Now, we can come back to the meaning of gaming.  Modern games are commodities that can expand the market on their own and are the driving force of the information revolution. While generating profits, they also generate huge demand for hardware, and a new generation of customers and producers. The production of the latter two is of great significance to society. Video games broke the strangeness and resistance of ordinary people to computers, and gave birth to the first batch of “gamers.” These people had a keen interest in computer technology and personal computers, and a few years later, many of them became the users of the first generation of programmable personal computers, the first generation of commercial computers and software, the next generation successors of Silicon Valley, and even the entrepreneurs of emerging technologies.

Indeed, unlike the 1970s, in the 21st century today, a person may not learn much from games, and it is also difficult to become an information technology practitioner based solely on interest in games. However, if one never plays games then there is a high probability that he has no interest in modern computers, the Internet, and information technology.

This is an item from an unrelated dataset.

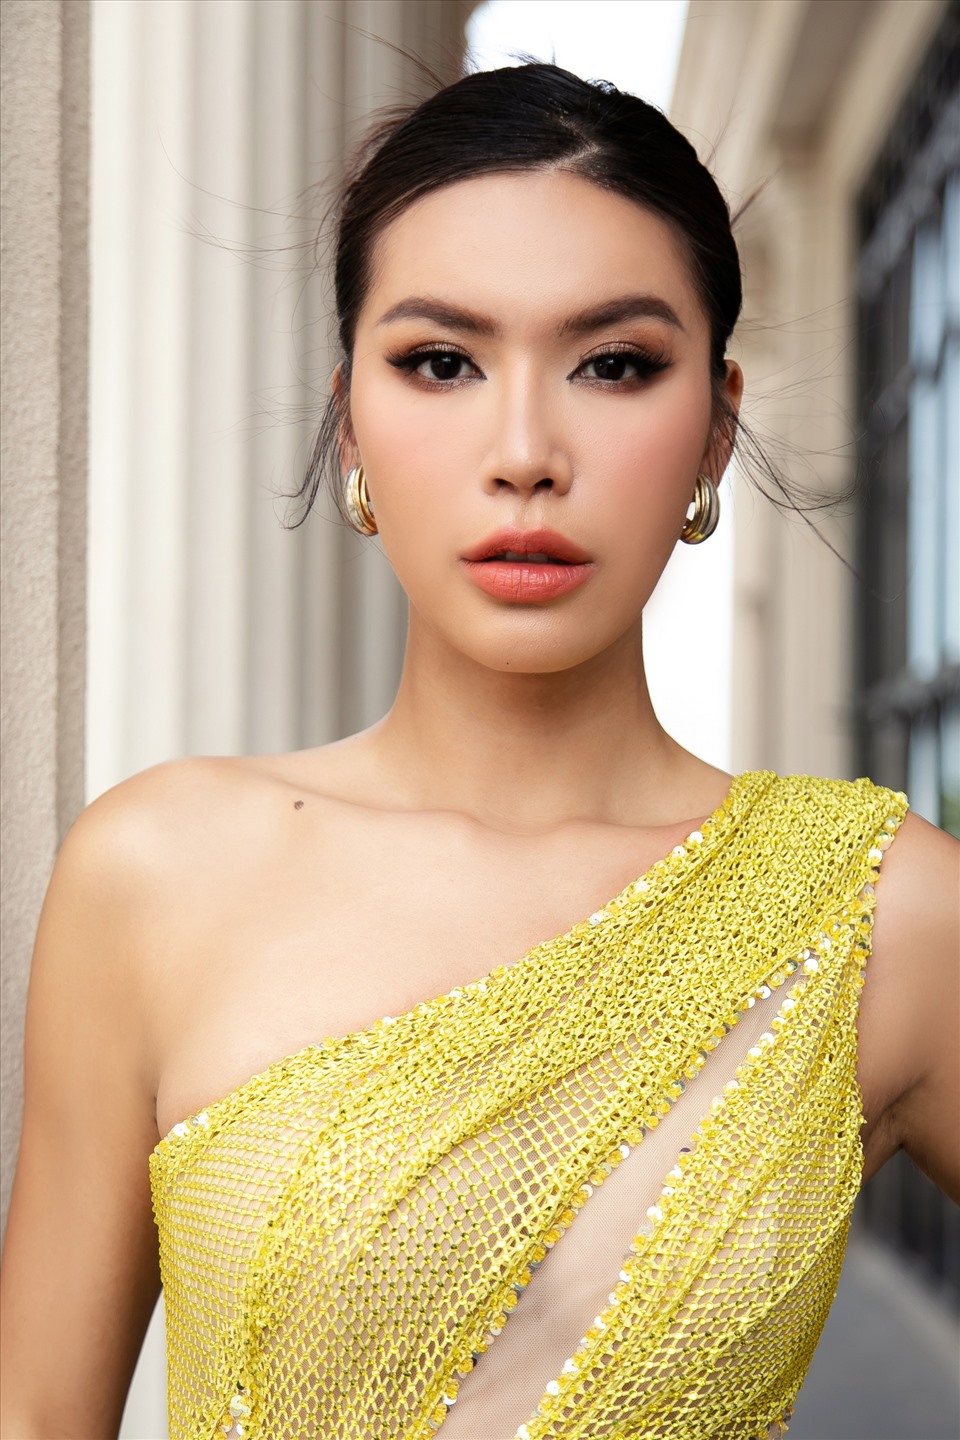 Minh Tú cho biết, cô đến với cuộc thi Hoa hậu Thể thao Việt Nam 2022 với mong muốn truyền cảm hứng cũng như chia sẻ những kinh nghiệm của bản thân cho những người đẹp có cùng đam mê và hoài bão.

He will become a Neo-Luddism in the information revolution. The correlation between the two is so obvious that even among my young friends I have to act as an “information technology expert” and help them repair computers, install an application, set up their internet, and other tasks, as I am seen as the ‘gamer.’

Being addicted to games might be a problem, but being a “technical conservative” who has no interest in games at all may be a much more serious restraint. If we want to avoid this situation, we should start by changing the conservative notion that games are evil If movies, television, and science fiction are tools to help humans adapt to the post-industrial era, then games are tools to help humans adapt to the information age.

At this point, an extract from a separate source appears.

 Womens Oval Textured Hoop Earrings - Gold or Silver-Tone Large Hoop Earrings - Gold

Among all our modern products, games and gamers are probably the most positive, and the ones that need correct understandings. Gamers do not need to feel ashamed and self-defeating for seeking happiness in the game for themselves. As long as society has the correct guidance, today’s young gamers may become the promoters of industrial digitisation, the practitioners, and users of the information industry in the future. The correct understanding of the meaning of gaming and gamers is not an option, it’s a strategic decision that may involve a very important future.